FlashAttention: Fast and Memory-Efficient Exact Attention with IO-Awareness
Standard attention suffers quadratic complexity in terms of the sequence length (number of tokens). To reduce complexity, efficient attention methods have proposed sparse and/or low-rank approximations. These approximations reduce complexity to linear or near-linear with respect to the sequence length. Yet, these methods either lag in performance or achieve no wall-clock speedup compared to standard attention.
This paper [1] proposes an IO-aware attention formulation that is aware of reads and writes operations to different levels of fast and slow GPU memory. Modern GPUs have multiple memory levels with different sizes and speeds as shown in Fig. 1. In this article, we focus on High Bandwidth Memory (HBM) and Static Random Access Memory (SRAM). Like other memory hierarchies, HBM is both large and cheap but slow compared to SRAM which is both small and expensive but fast.
HBM is used to store tensors (e.g., feature maps/activations), while SRAM is used to perform compute operations on those tensors. For instance, when applying a RELU operation on a tensor x, we (1) move x from HBM (read-op) to SRAM; (2) apply RELU operation on x (compute-op), and (3) move x back from SRAM to HBM (write-op).
This paper [1] proposes an IO-aware algorithm that computes exact attention while reducing the number of memory read and write operations (read-ops and write-ops). To achieve this goal, the paper makes two contributions:
- Implement a CUDA kernel to fuse all the attention operations (matmul, mask, softmax, etc) into a single GPU kernel.
- Compute the softmax operation with neither computing nor storing the NxN attention matrix, where N is the number of tokens.
1st Contribution: A New CUDA Kernel
By default, every tensor operation is implemented as follows: (1)Read operation (read-op), (2) compute-op, and (3) write-op. This design makes it trivial to apply multiple tensor operations on top of each other. Concretely, one can apply a (1) matrix multiplication, then (2) masking, then (3) a softmax while making no assumption about the preceding or the succeeding operation. The three aforementioned operations will be executed as shown in Fig. 2.
Each operation requires a read-op and a write-op as highlighted in green. These memory access operations become a bottleneck, especially for a simple/fast compute-operation (e.g., RELU). Dao et al., [1] observe that self-attention has become a standard operation: (1) matmul, (2) mask, (3) softmax, (4) dropout, (5) matmul. Accordingly, the paper implemented a fused kernel, a single kernel that combines all these five operations. Within the fused kernel, there would be a single read-op and write-op which reduces the cost of memory operations significantly. Fig. 3 compares standard attention (left) with flash attention (right).
By having a fused kernel, the proposed flash-attention reduces the number of memory operations, which translates into a large speed-up during training as shown in Fig. 4.
2nd Contribution: Computing softmax without realizing the attention matrix
Besides implementing a fused kernel, the paper [1] makes another contribution.
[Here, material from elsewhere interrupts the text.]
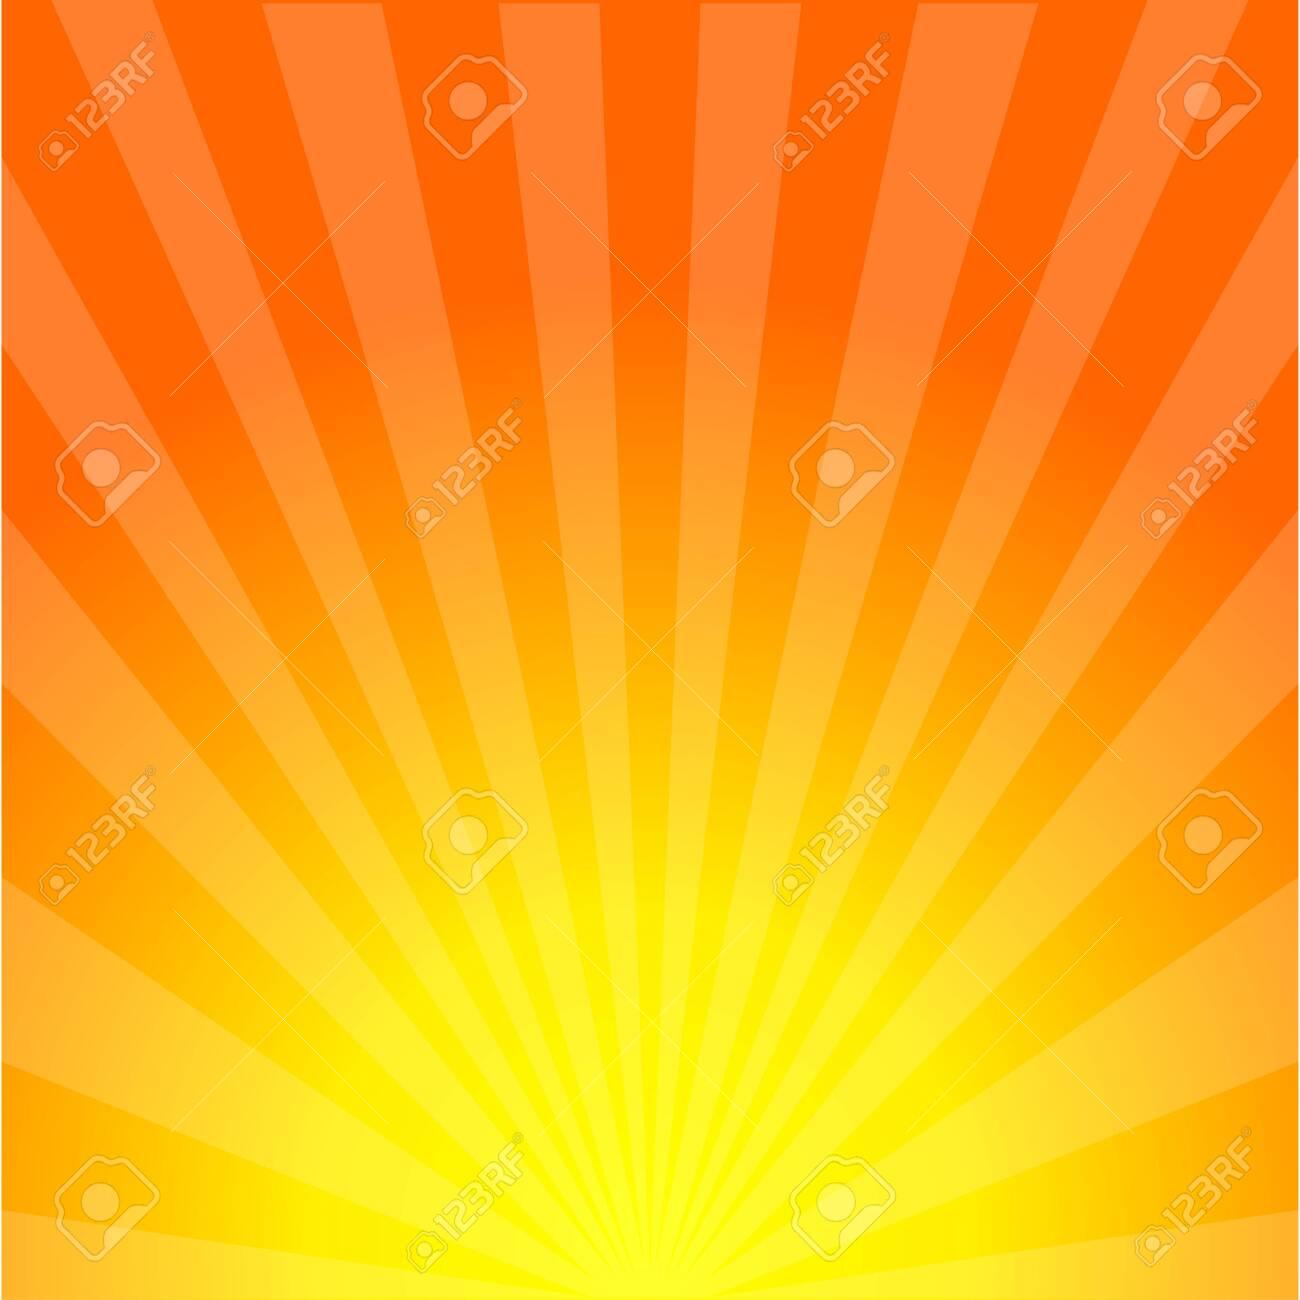 Sun rays background. Sunburst. Sunshine. Sunset. Summer sun. Sunrise. Eps10 - 124142721

Flash attention computes exact attention without realizing the NxN Attention matrix A! It has been mistakenly assumed that an exact softmax operation requires both computing and storing the attention matrix A. This assumption stems from the softmax denominator which operates on the entire row of A as shown in Fig. 5.
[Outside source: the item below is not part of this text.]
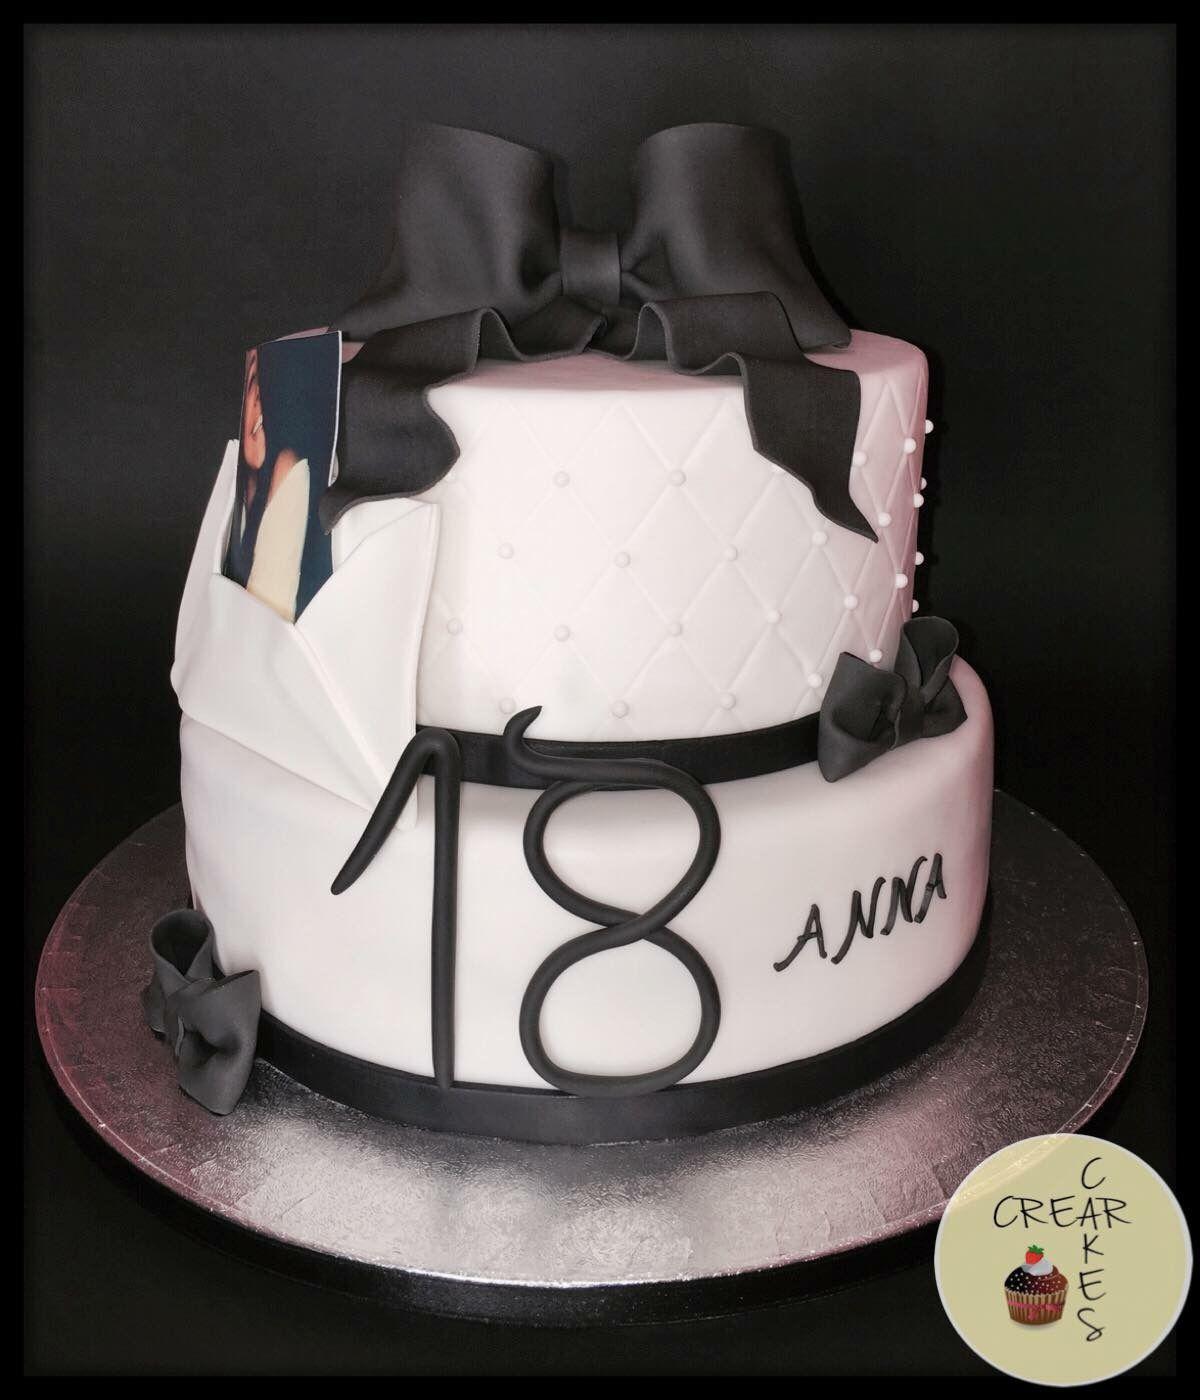 Pin By Deborah EF On Birthday Ideas

Flash attention refutes this assumption through two tricks: (1) matrix-tiling as shown in Fig. 6; (2) summary statistics as shown in Figures 7 and 8.
Through tiling, flash attention splits the inputs Q, K, and V into blocks, then loads them from the slow HBM to the fast SRAM, then computes the attention output with respect to those blocks as shown in Fig. 6. Of course, softmax computed over separate blocks is inaccurate because softmax normalizes by the entire row. To tackle this, flash attention keeps track of summary statistics as it proceeds from one block to the next. When flash attention reaches the last block, the summary statistics will contain the exact softmax denominator.
Fig. 7 (Left) depicts a toy Q, K, and V to illustrate how summary statistics work. Fig. 7 (Right) presents a pseudo code of how softmax operation can be computed block-by-block using summary statistics {D and O}, i.e., without storing the attention matrix A.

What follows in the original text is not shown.